• 21 hours 30 mins

  • Medium difficulty

  • 10 buns



525g STRONG FLOUR W270-290 (=18,52oz=4 ¼ cups)

235g WATER (=8,29oz= 1 cup)


50g SUGAR (=1,76oz=¼ cup)

10g TABLE SALT (=0,35oz=1 ⅔ tsp)


40g FRESH WHOLE MILK (=1,41oz=⅛ cup)

40g SOFTENED BUTTER (=1,41oz=⅛ cup)


Feed your sourdough starter with water and flour (as per your habits – these ingredients are not listed in the recipe ingredients list).

Mix 115g strong flour (=4,06oz=1 cup) and 115g hot water (=4,06=½ cup) in a bowl, then cover with cling film and leave to rest until room temperature.

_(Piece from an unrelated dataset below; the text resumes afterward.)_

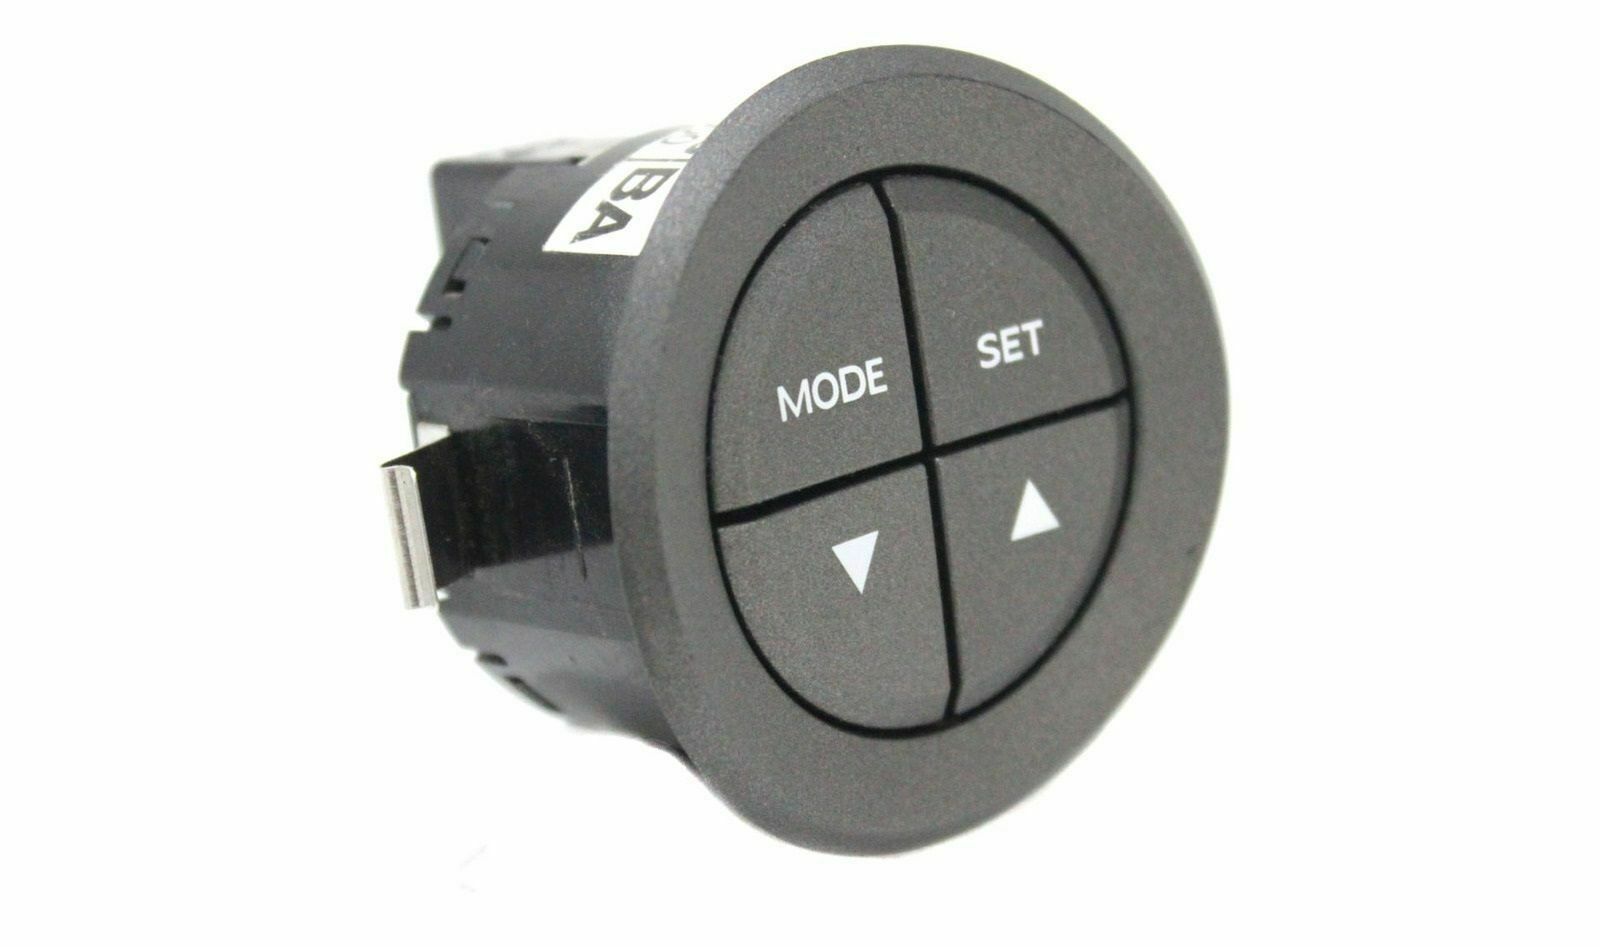 Used VY VZ Mode Switch Button Holden Commodore HSV Clubsport Nickel 92111623

After about 4 hours, prepare the 1st dough using a planetary mixer (mine is a Kenwood). Dissolve sourdough starter in 120g lukewarm water (=4,23oz=½ cup), then add 40g sugar (=1,41oz=9 ½ tsp), keeping the remaining 10g (=0,35oz=2 ⅓ tsp) apart. Add 295g strong flour (=10,41oz=2 ¼ cup). Insert the dough hook and knead for 10 minutes: 1 minute at minimum speed, then speed 1  for 9 minutes. Cover with cling film.

Put both flour and water mixture and the first dough in the fridge for about 9 hours and a half. After this amount of time, extract them from the fridge and leave both to rest at room temperature. Take the butter out of the fridge as well.

After 3 hours and a half prepare the second dough adding the flour and water mixture to the first dough, then add the remaining flour (=115g=4,06oz=1 cup) and sugar (=10g=0,35oz=2 ⅓ tsp) and proceed by adding table salt, milk and 75g whisked egg (=2,65oz). You will use the remaining whisked egg on top of the buns before baking them. Knead with the mixer (still using the dough hook) for 10 minutes: 1 minute at minimum speed, then speed 1  for 9 minutes. Add the softened butter and knead again: speed 1  for 15 more minutes. Cover the bowl with cling film and leave it to rest inside the turned-off oven for about 3 hours.

After 3 hours, divide the dough into 10 parts of about 110g (=3,88oz) each. You will need to use about 30-40g flour (=1,06-1,41oz=¼-⅓ cups) to do so (you can use pastry flour instead of strong flour). Make sure to always dust the working surface with flour before placing the dough on it, as well as putting flour on your hands before handling each dough piece.  Fold each portion of dough dough so as to get to a ball and seal the bottom with your fingers.

Place the dough balls on a baking tray covered with baking paper and then brush them with the remained whisked egg.

Bake in a preheated oven at 190°C (=374°F) for about 30 minutes. Let them cool down before filling and eating them.

As it will take you about 21,5 hours to prepare this fabulous sourdough hamburger buns, I suggest you to plan well the timings. Here is mine:

  • 7:00 pm: feed the sourdough starter, then prepare the flour and water mixture
  • 11:00 pm: prepare the first dough and put it in the fridge together with the flour and water mixture
  • 8:30 am: take the first dough, the flour and water mixture and butter out of the fridge
  • 12:00 am: prepare the second dough
  •  3:30 pm: shape the buns, then cook them

These sourdough burger buns are the perfect homemade bread type for any homemade hamburger sandwich (meat-based or vegetarian… it’s up to you!).